2. I hardly know how to meet this objection, but he would have definite
objects upon which to employ himself, and might acquire and strengthen
habits of application, and I should think would be as likely to do so as in
any way in which he is likely to pass the next two years at home.

3. The notion did not occur to me in reading the letters; and on reading
them again with that object in my mind I see no ground for it.

4. I cannot conceive that the Admiralty would send out a bad vessel on
such a service. As to objections to the expedition, they will differ in
each man's case, and nothing would, I think, be inferred in Charles's case,
if it were known that others had objected.

5. You are a much better judge of Charles's character than I can be. If
on comparing this mode of spending the next two years with the way in which
he will probably spend them, if he does not accept this offer, you think
him more likely to be rendered unsteady and unable to settle, it is
undoubtedly a weighty objection. Is it not the case that sailors are prone
to settle in domestic and quiet habits?

6. I can form no opinion on this further than that if appointed by the
Admiralty he will have a claim to be as well accommodated as the vessel
will allow.

7. If I saw Charles now absorbed in professional studies I should probably
think it would not be advisable to interrupt them; but this is not, and, I
think, will not be the case with him. His present pursuit of knowledge is
in the same track as he would have to follow in the expedition.

8. The undertaking would be useless as regards his profession, but looking
upon him as a man of enlarged curiosity, it affords him such an opportunity
of seeing men and things as happens to few.

You will bear in mind that I have had very little time for consideration,
and that you and Charles are the persons who must decide.

I am,
My dear Doctor,
Affectionately yours,
JOSIAH WEDGWOOD.

CHARLES DARWIN TO J.S. HENSLOW.
Cambridge, Red Lion [September 2], 1831.

My dear Sir,

I am just arrived; you will guess the reason. My father has changed his
mind. I trust the place is not given away.

I am very much fatigued, and am going to bed.

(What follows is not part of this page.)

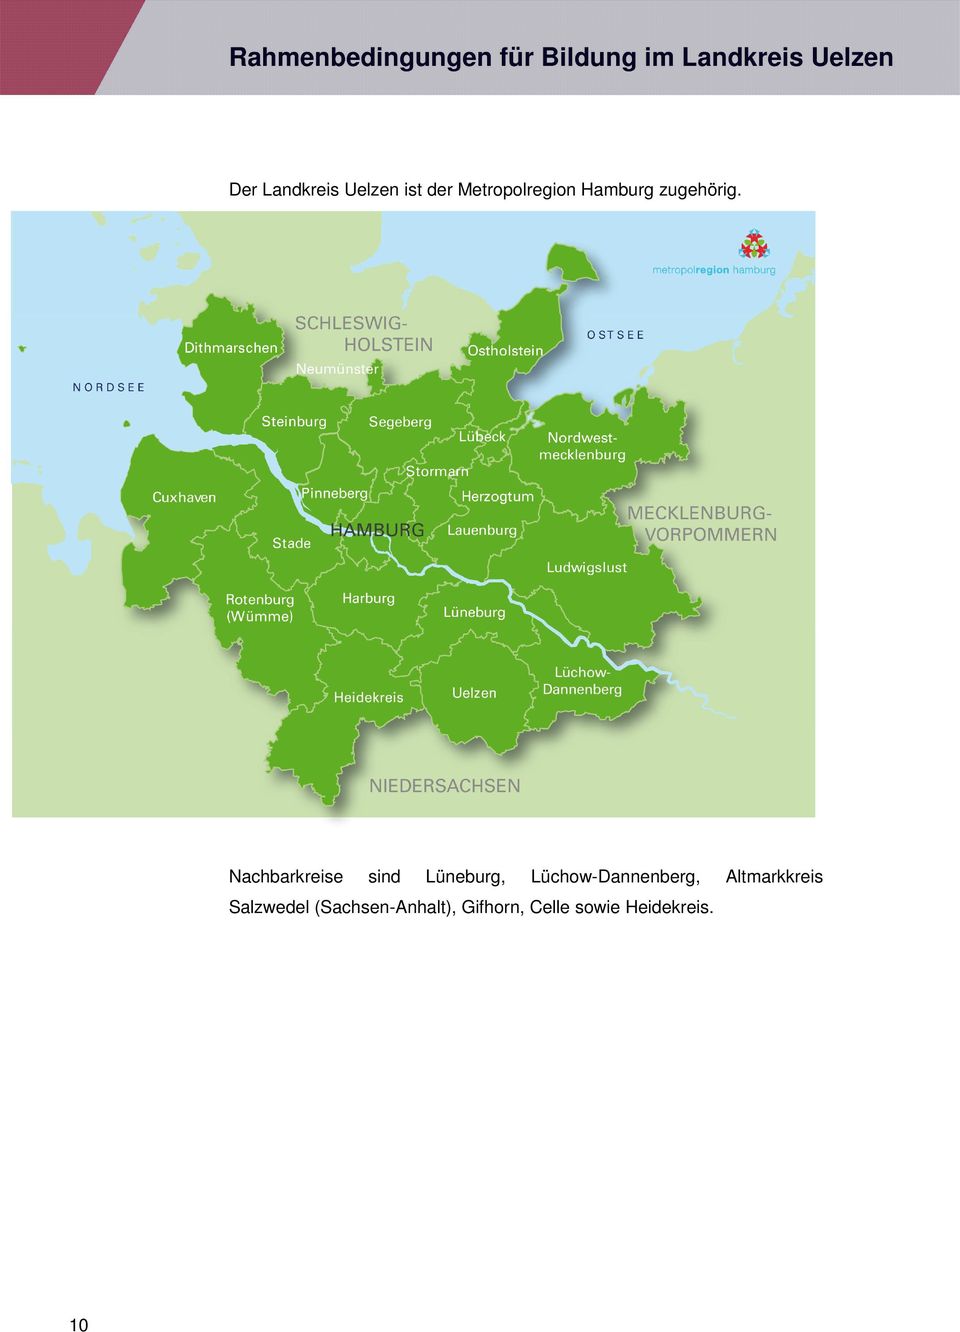 Nachbarkreise sind Lüneburg, Lüchow-Dannenberg, Salzwedel

I dare say you have not yet got my second letter.

How soon shall I come to you in the morning? Send a verbal answer.

Good-night,
Yours,
C. DARWIN.

CHARLES DARWIN TO MISS SUSAN DARWIN.
Cambridge, Sunday Morning [September 4].

My dear Susan,

As a letter would not have gone yesterday, I put off writing till to-day.
I had rather a wearisome journey, but got into Cambridge very fresh. The
whole of yesterday I spent with Henslow, thinking of what is to be done,
and that I find is a great deal. By great good luck I know a man of the
name of Wood, nephew of Lord Londonderry. He is a great friend of Captain
Fitz-Roy, and has written to him about me. I heard a part of Captain Fitz-
Roy's letter, dated some time ago, in which he says: "I have a right good
set of officers, and most of my men have been there before." It seems he
has been there for the last few years; he was then second in command with
the same vessel that he has now chosen. He is only twenty-three years old,
but [has] seen a deal of service, and won the gold medal at Portsmouth.
The Admiralty say his maps are most perfect. He had choice of two vessels,
and he chose the smallest. Henslow will give me letters to all travellers
in town whom he thinks may assist me.

Peacock has sole appointment of Naturalist. The first person offered was
Leonard Jenyns, who was so near accepting it that he packed up his clothes.
But having [a] living, he did not think it right to leave it--to the great
regret of all his family. Henslow himself was not very far from accepting
it, for Mrs. Henslow most generously, and without being asked, gave her
consent; but she looked so miserable that Henslow at once settled the
point.

...

I am afraid there will be a good deal of expense at first. Henslow is much
against taking many things; it is [the] mistake all young travellers fall
into. I write as if it was settled, but Henslow tells me BY NO MEANS to
make up my mind till I have had long conversations with Captains Beaufort
and Fitz-Roy. Good-bye. You will hear from me constantly. Direct 17
Spring Gardens. TELL NOBODY in Shropshire yet. Be sure not.

C. DARWIN.

I was so tired that evening I was in Shrewsbury that I thanked none of you
for your kindness half so much as I felt.

Love to my father.

The reason I don't want people told in Shropshire: in case I should not
go, it will make it more flat.

CHARLES DARWIN TO MISS S. DARWIN.
17 Spring Gardens, Monday
[September 5, 1831].

I have so little time to spare that I have none to waste in re-writing
letters, so that you must excuse my bringing up the other with me and
altering it. The last letter was written in the morning. In [the] middle
of [the] day, Wood received a letter from Captain Fitz-Roy, which I must
say was MOST straightforward and GENTLEMANLIKE, but so much against my
going, that I immediately gave up the scheme; and Henslow did the same,
saying that he thought Peacock had acted VERY WRONG in misrepresenting
things so much.

I scarcely thought of going to town, but here I am; and now for more
details, and much more promising ones. Captain Fitz-Roy is [in] town, and
I have seen him; it is no use attempting to praise him as much as I feel
inclined to do, for you would not believe me. One thing I am certain,
nothing could be more open and kind than he was to me. It seems he had
promised to take a friend with him, who is in office and cannot go, and he
only received the letter five minutes before I came in; and this makes
things much better for me, as want of room was one of Fitz-Roy's greatest
objections. He offers me to go share in everything in his cabin if I like
to come, and every sort of accommodation that I can have, but they will not
be numerous. He says nothing would be so miserable for him as having me
with him if I was uncomfortable, as in a small vessel we must be thrown
together, and thought it his duty to state everything in the worst point of
view. I think I shall go on Sunday to Plymouth to see the vessel.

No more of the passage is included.